Broadband near-infrared antireflection coatings fabricated by three dimensional direct laser writing

TL;DR

This paper demonstrates the fabrication of broadband near-infrared antireflection coatings using three-dimensional direct laser writing, achieving improved transmittance through optimized sub-wavelength conicoid structures validated by experiments and simulations.

Contribution

It introduces a novel application of 3D direct laser writing for creating broadband antireflective surfaces with optimized sub-wavelength features for infrared wavelengths.

Findings

Transmittance increased by up to 2.14% across the broadband range.

Good agreement between experimental measurements and finite-element simulations.

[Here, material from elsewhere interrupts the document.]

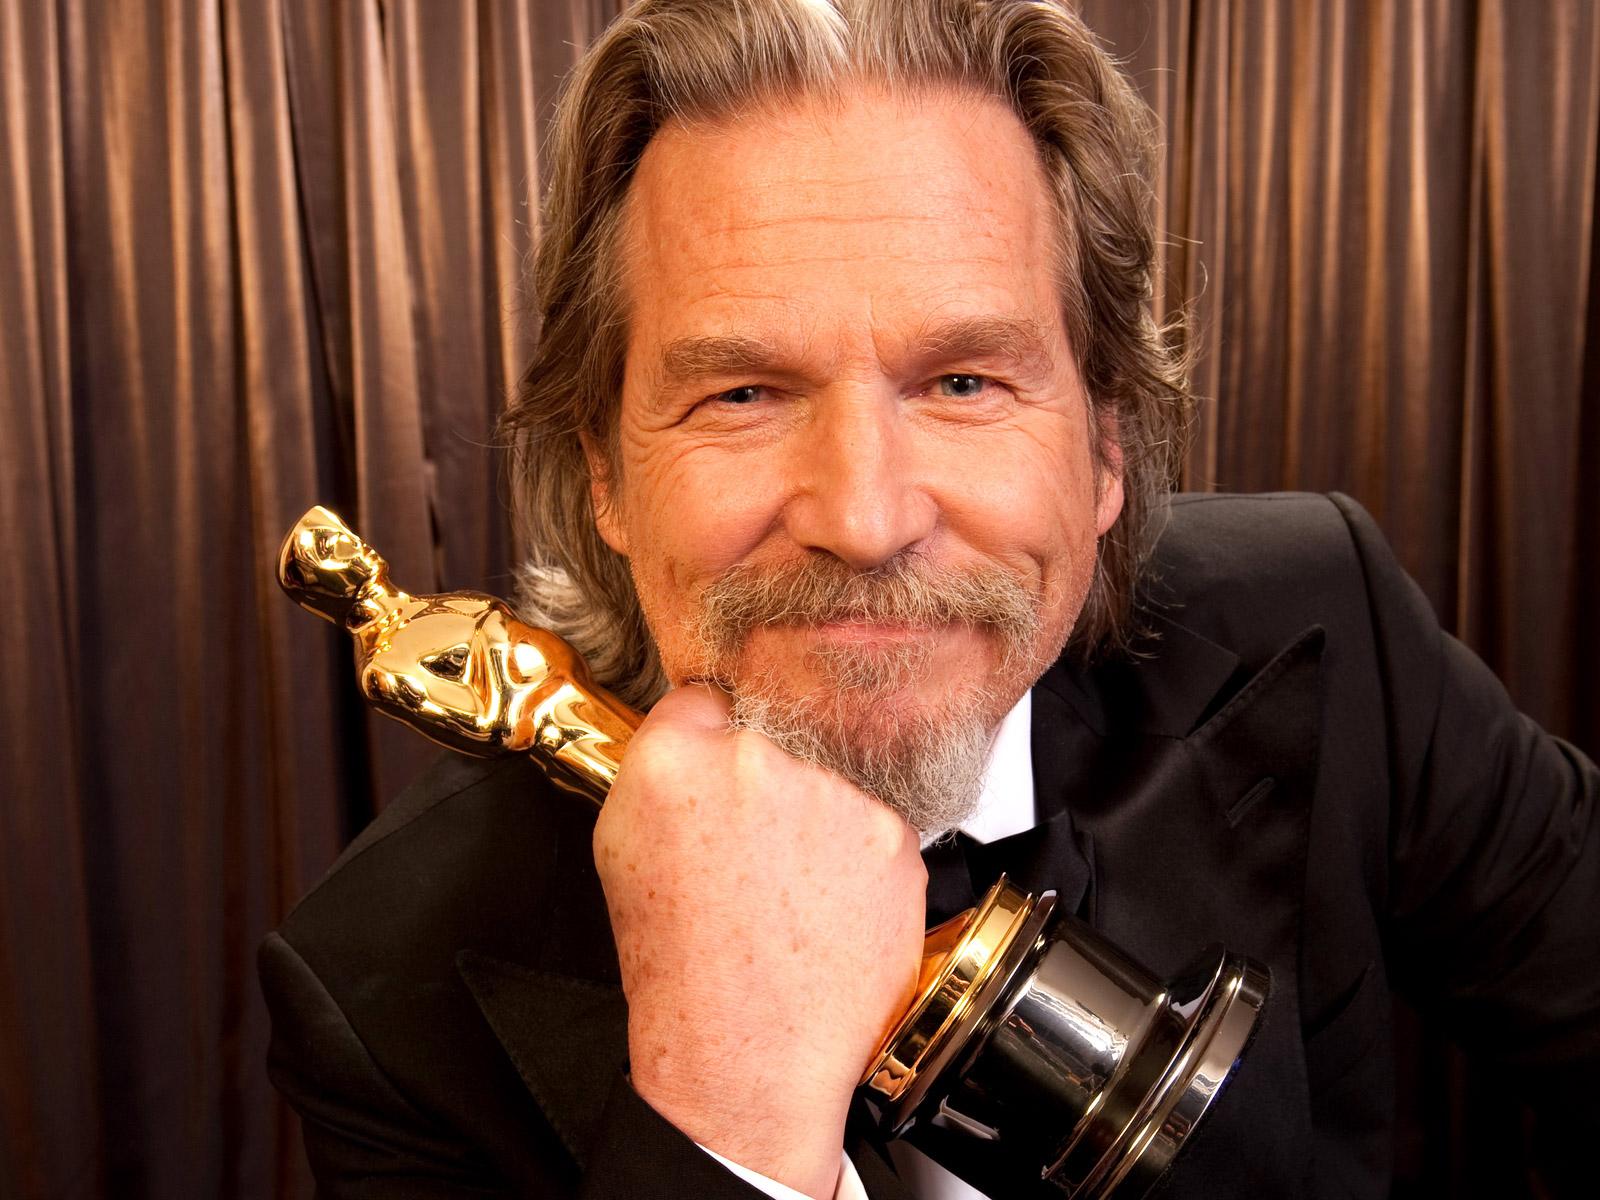 http://2.bp.blogspot.com/-Ftx8ZU8_eeQ/TzR_6DGvfsI/AAAAAAAAFOg/Ys0pX2lG_rU/s1600/Jeff_Bridges_With_Oscar.jpg

Effective medium calculations guided the design of the structured surfaces.

Abstract

Three-dimensional direct laser writing via two photon polymerization is used to fabricate anti-reflective structured surfaces composed of sub-wavelength conicoid features optimized to operate over a wide bandwidth in the near-infrared range from 3700 cm$^{-1}$ to 6600 cm$^{-1}$ (2.7 to 1.52 $\mu$m). Analytic Bruggemann effective medium calculations are used to predict nominal geometric parameters such as the fill factor of the constitutive conicoid features of the anti-reflective structured surfaces presented here. The performance of the anti-reflective structured surfaces was investigated experimentally using infrared transmission measurements. An enhancement of the transmittance by 1.35\% to 2.14\% over a broadband spectral range from 3700 cm$ ^{-1} $ to 6600 cm$^{-1}$ (2.7 to 1.52 $\mu$m) was achieved. We further report on finite-element-based reflection and transmission data using three-dimensional model geometries for comparison. A good agreement between experimental results and the finite-element-based numerical analysis is observed once as-fabricated deviations from the nominal conicoid forms are included in the model. Three-dimensional direct laser writing is demonstrated here as an efficient method for the fabrication and optimization of anti-reflective structured surfaces designed for the infrared spectral range.